| 要旨トップ | 目次 | 日本生態学会第69回全国大会 (2022年3月、福岡) 講演要旨
ESJ69 Abstract


一般講演(口頭発表) G01-02  (Oral presentation)

奈良公園におけるイラクサの刺毛形質の季節変化 【B】
Seasonal changes of stinging hair traits of the Japanese nettle in Nara Park 【B】

*加藤禎孝(奈良教育大学), 石田清(弘前大学)
*Teiko KATO(Nara University of Education), kiyoshi ISHIDA(Hirosaki University)

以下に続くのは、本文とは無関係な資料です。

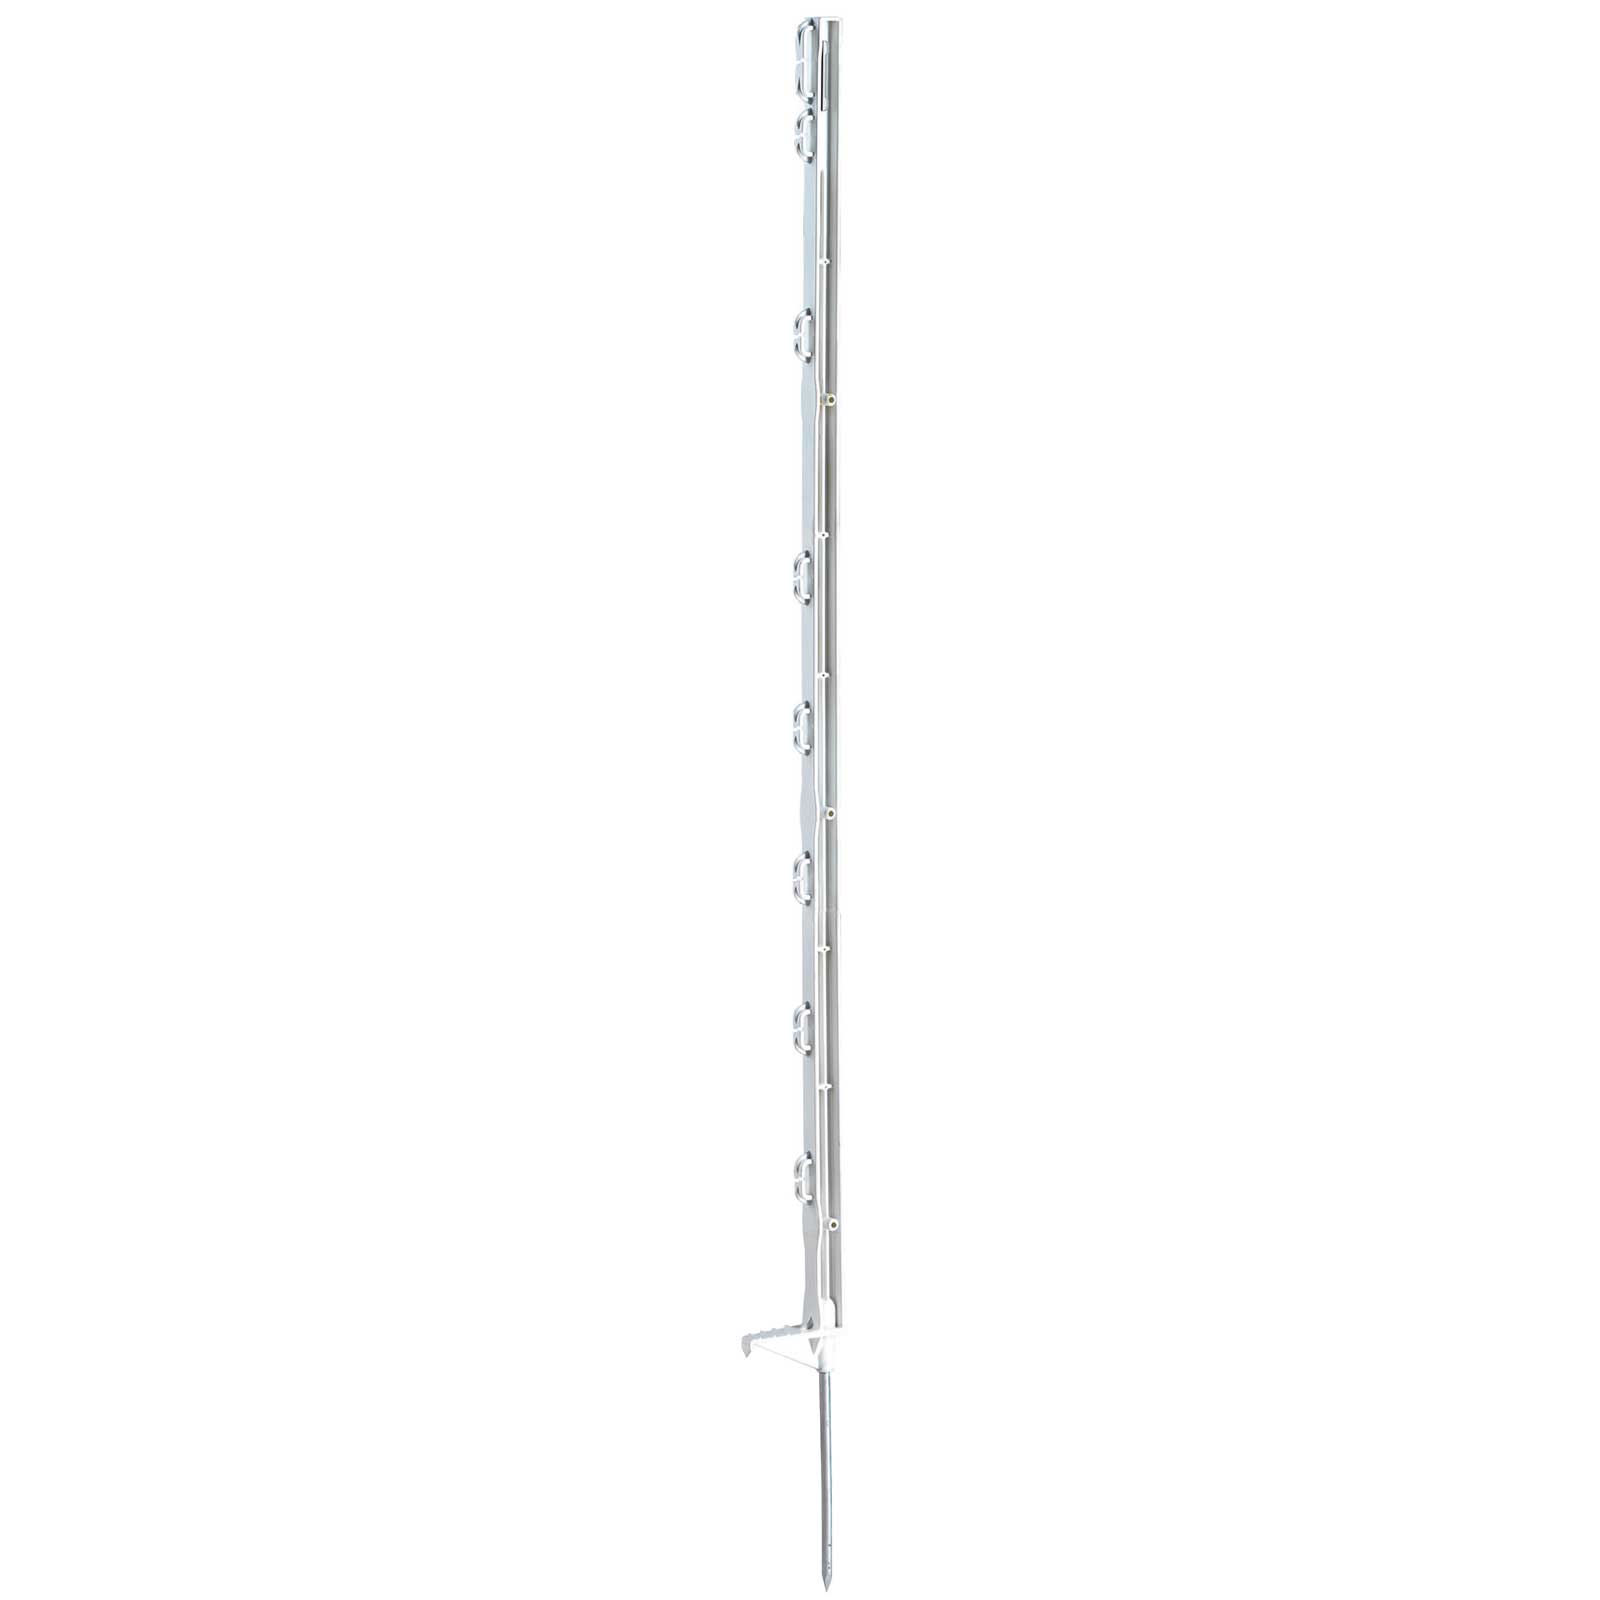 Piquet plastique Agrarzone 105 cm, marche pied unique, blanc (pack de 20)
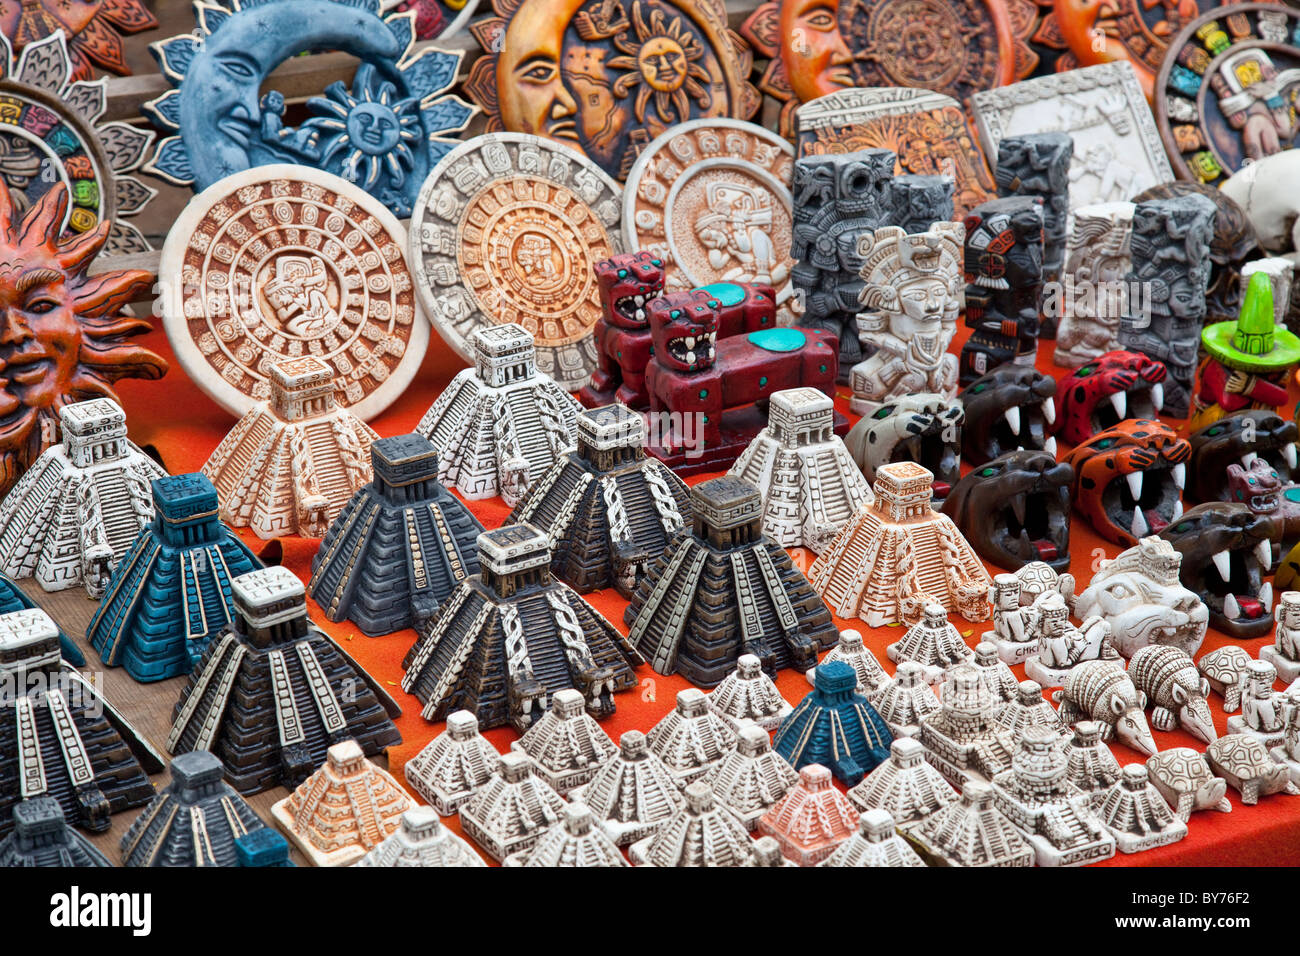 Mayan souvenirs, Chichen Itza, Mexico Stock Photo

奈良公園においてニホンジカの採食圧の異なる場所に生育するイラクサ2集団について刺毛形質の季節変化を明らかにし、その生態的意義を考察するため、採食圧の高い場所と低い場所に調査区を設定し、4月から9月まで月1回の頻度で各調査区内のイラクサ当年生実生から葉を1枚採取し、葉面積及び葉の表・裏面の刺毛数、刺毛密度及び刺毛長を測定した。そして各形質の(1)季節変化、(2)場所間差、(3)季節変化のパターンの場所間差を分析した。その結果、両面の刺毛数と刺毛長及び裏面の刺毛密度に季節変化が見られ、刺毛数と表面の刺毛密度については季節変化のパターンに場所間差が認められた。刺毛密度のピークは夏以降に見られ、採食圧の高い場所の個体の方がより遅い時期にピークを示す傾向が認められた。刺毛長は2集団ともに春の値が最も長く、夏・秋は短かった。また採食圧の高い場所の個体は1年を通じて低い場所よりも葉面積が小さく、刺毛長は長かった。
これらの結果から、イラクサ実生の刺毛形質の季節変化は、春の若いシュートや秋に結実する果実の防御を効率よく行うことに貢献していると考えられる。